Restate each of the lines below word for word and drop every picture.

##### Information provided

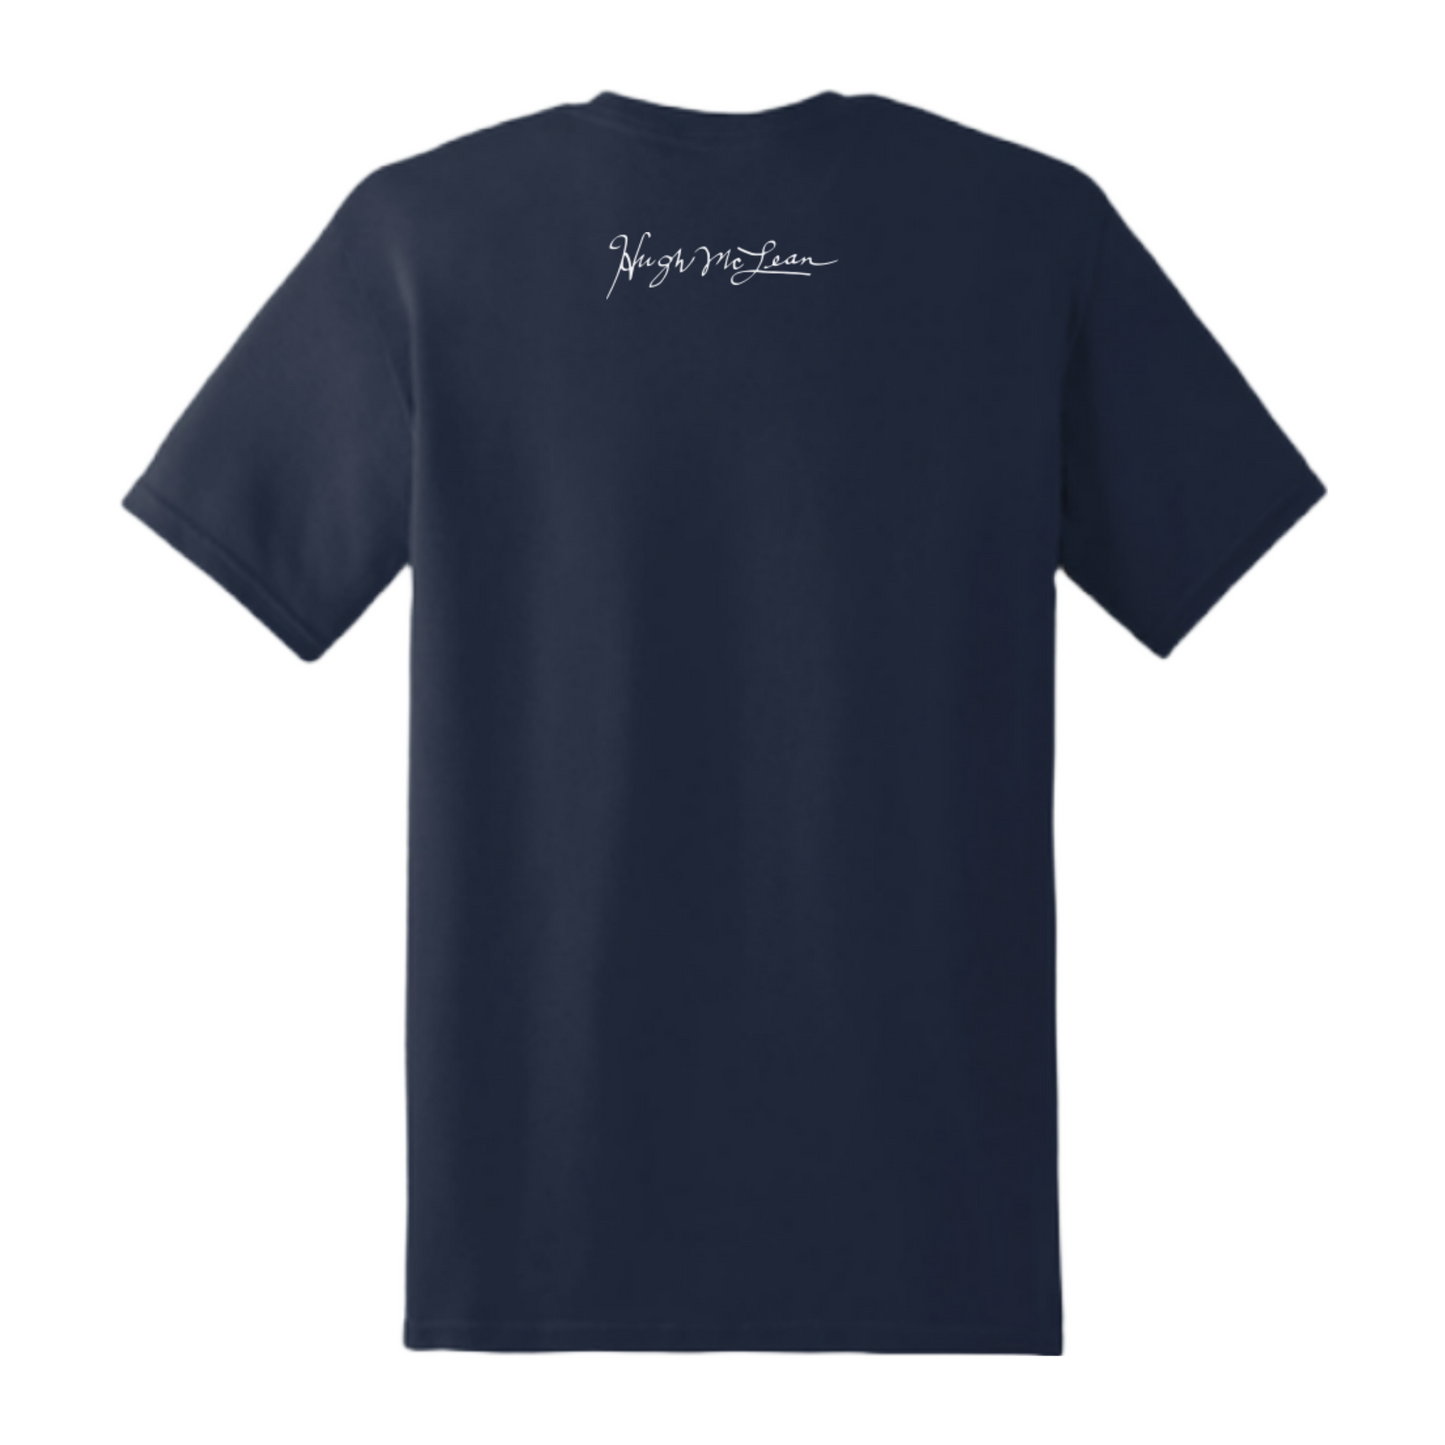 Hugh McLean HMAC Soft & Smooth T-Shirt
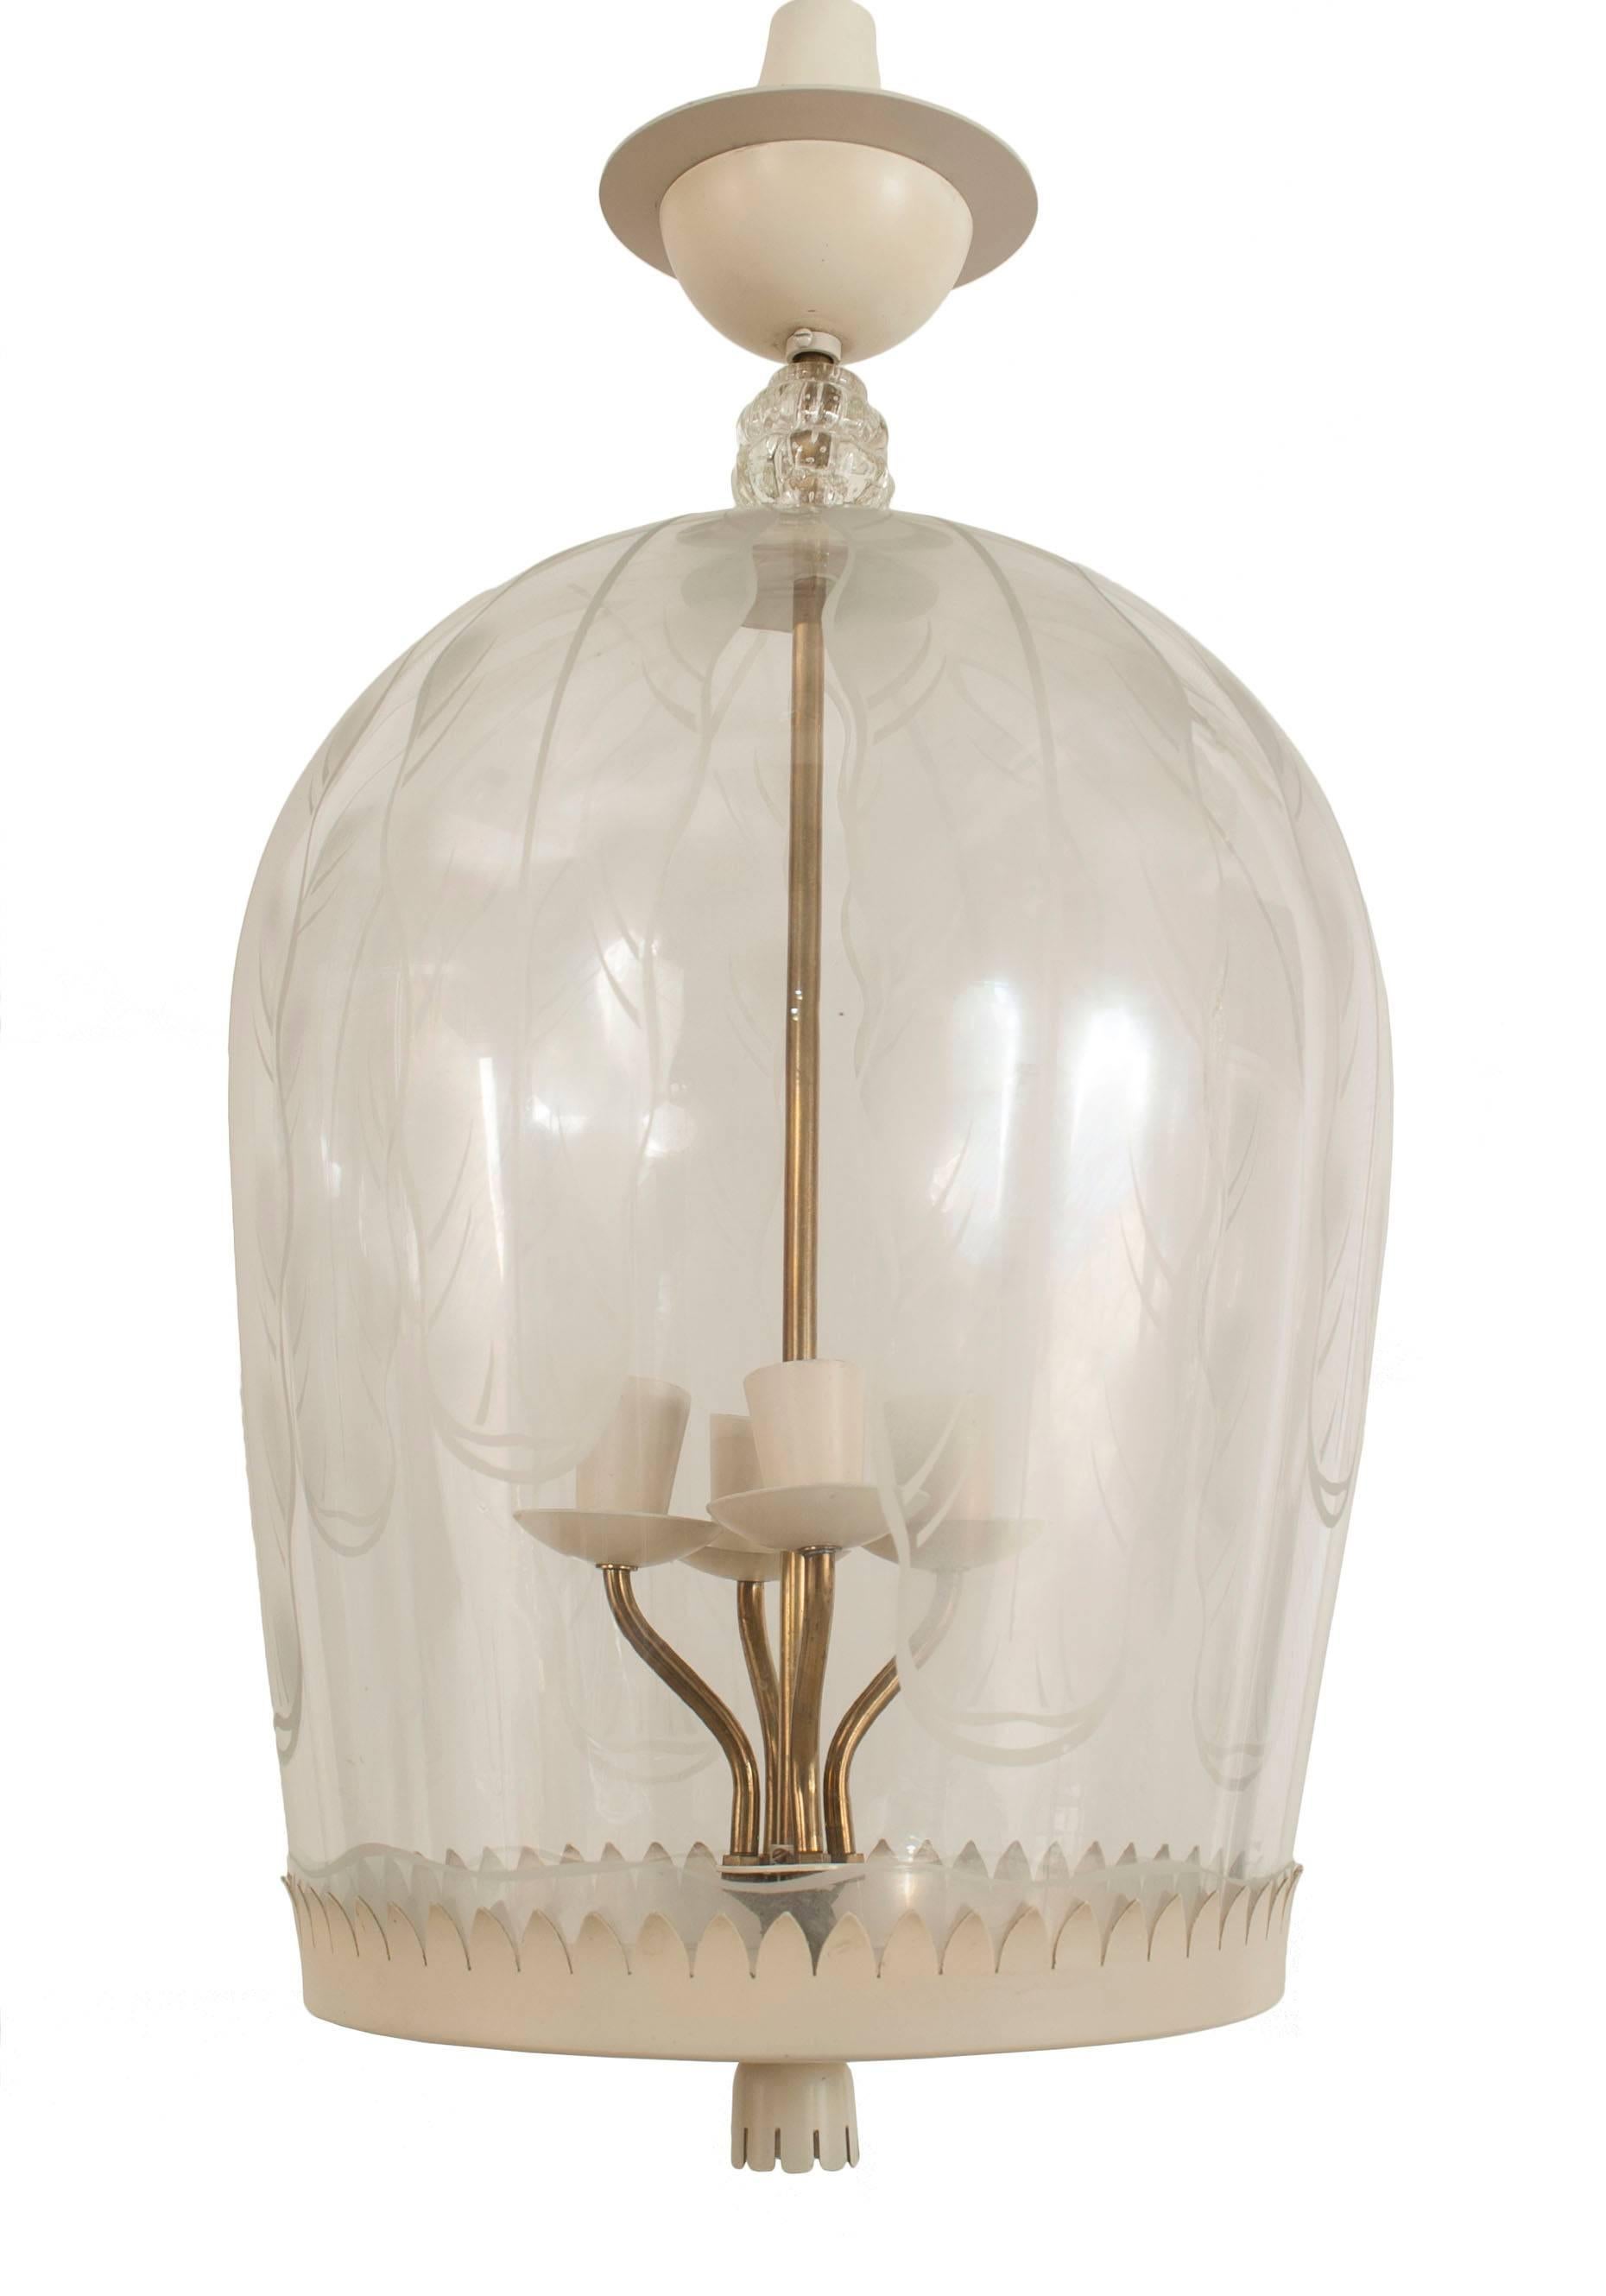 Lanterne italienne des années 1940 en forme de dôme en verre clair avec un motif gravé de feuilles et un fond peint et festonné en métal blanc avec un fleuron.
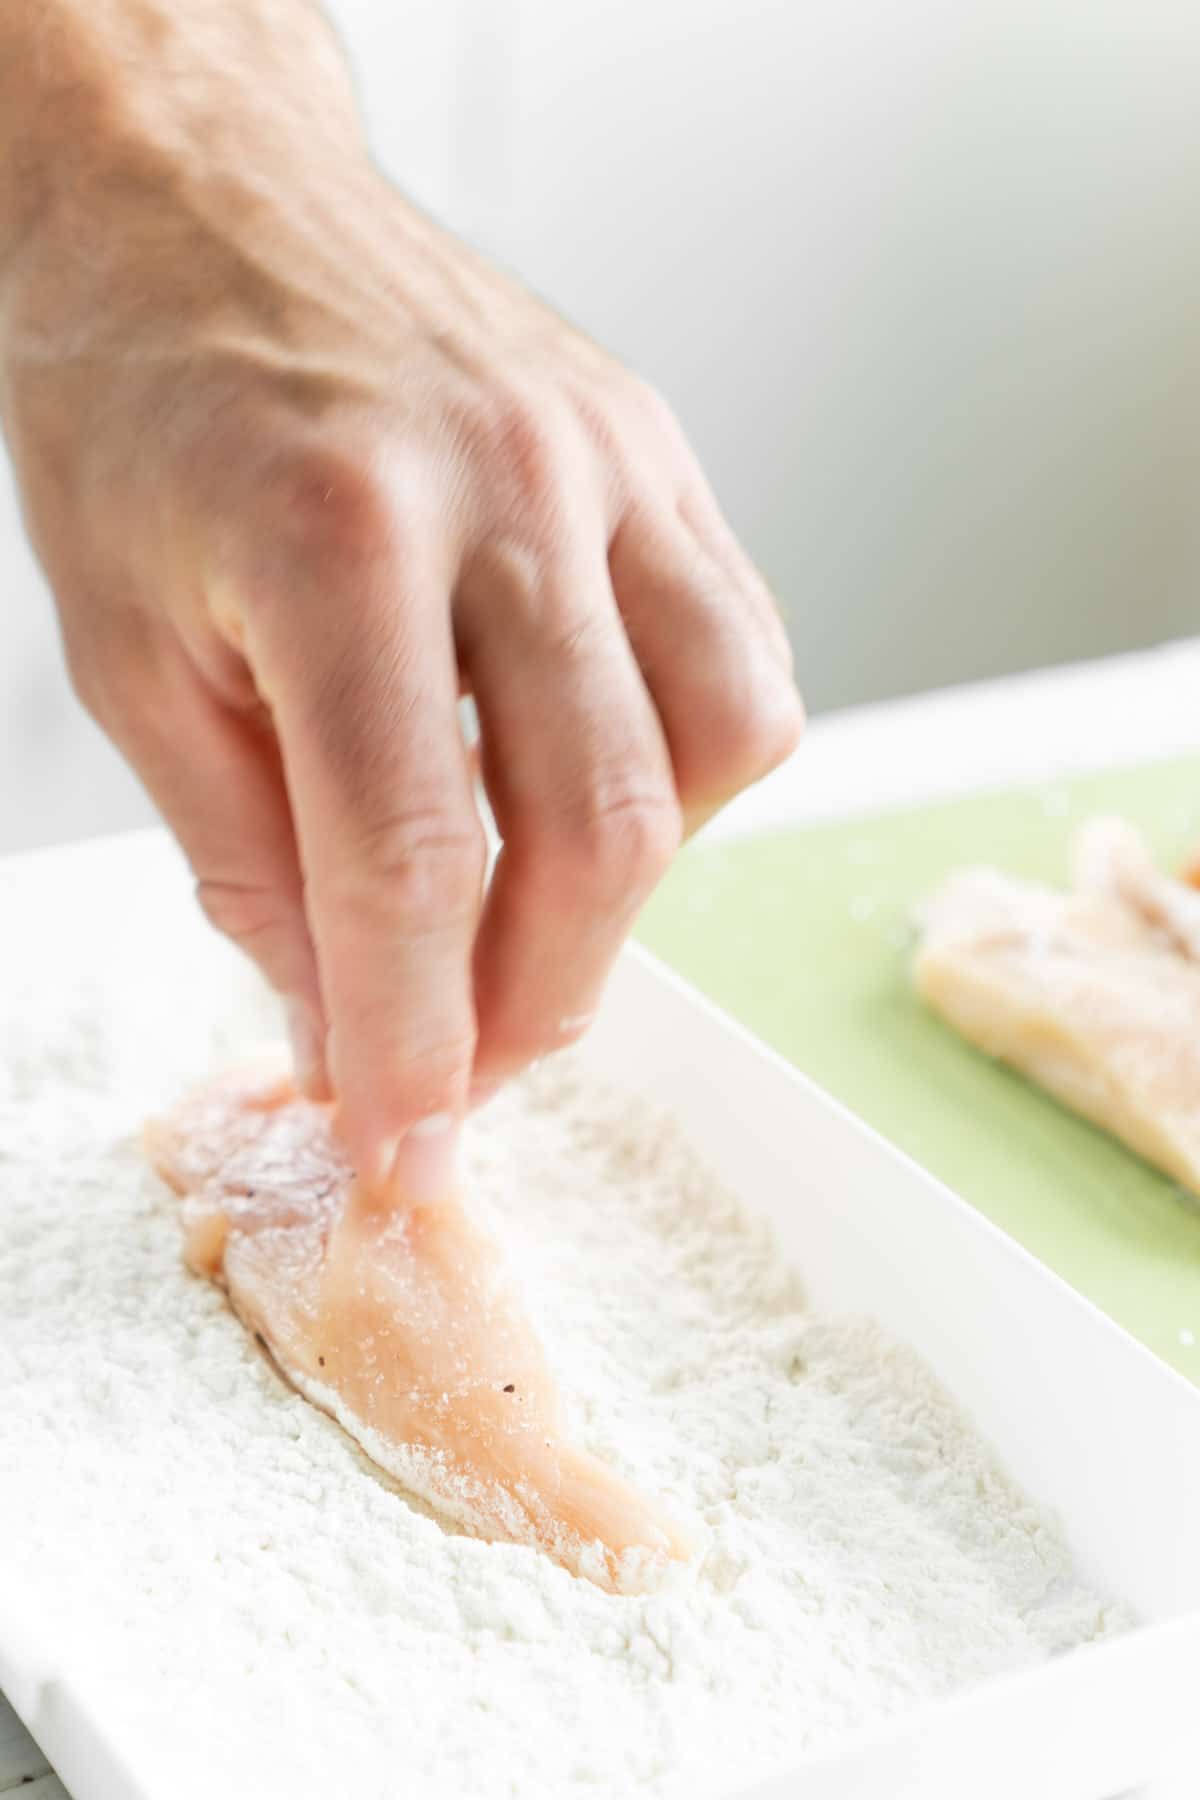 आटे की डिश में चिकन टेंडर डालते हुए हाथ

##########

> _Answer for the task_
 Hugh McLean HMAC Soft & Smooth T-Shirt
 Lanterne italienne des années 1940 en forme de dôme en verre clair avec un motif gravé de feuilles et un fond peint et festonné en métal blanc avec un fleuron.
 आटे की डिश में चिकन टेंडर डालते हुए हाथ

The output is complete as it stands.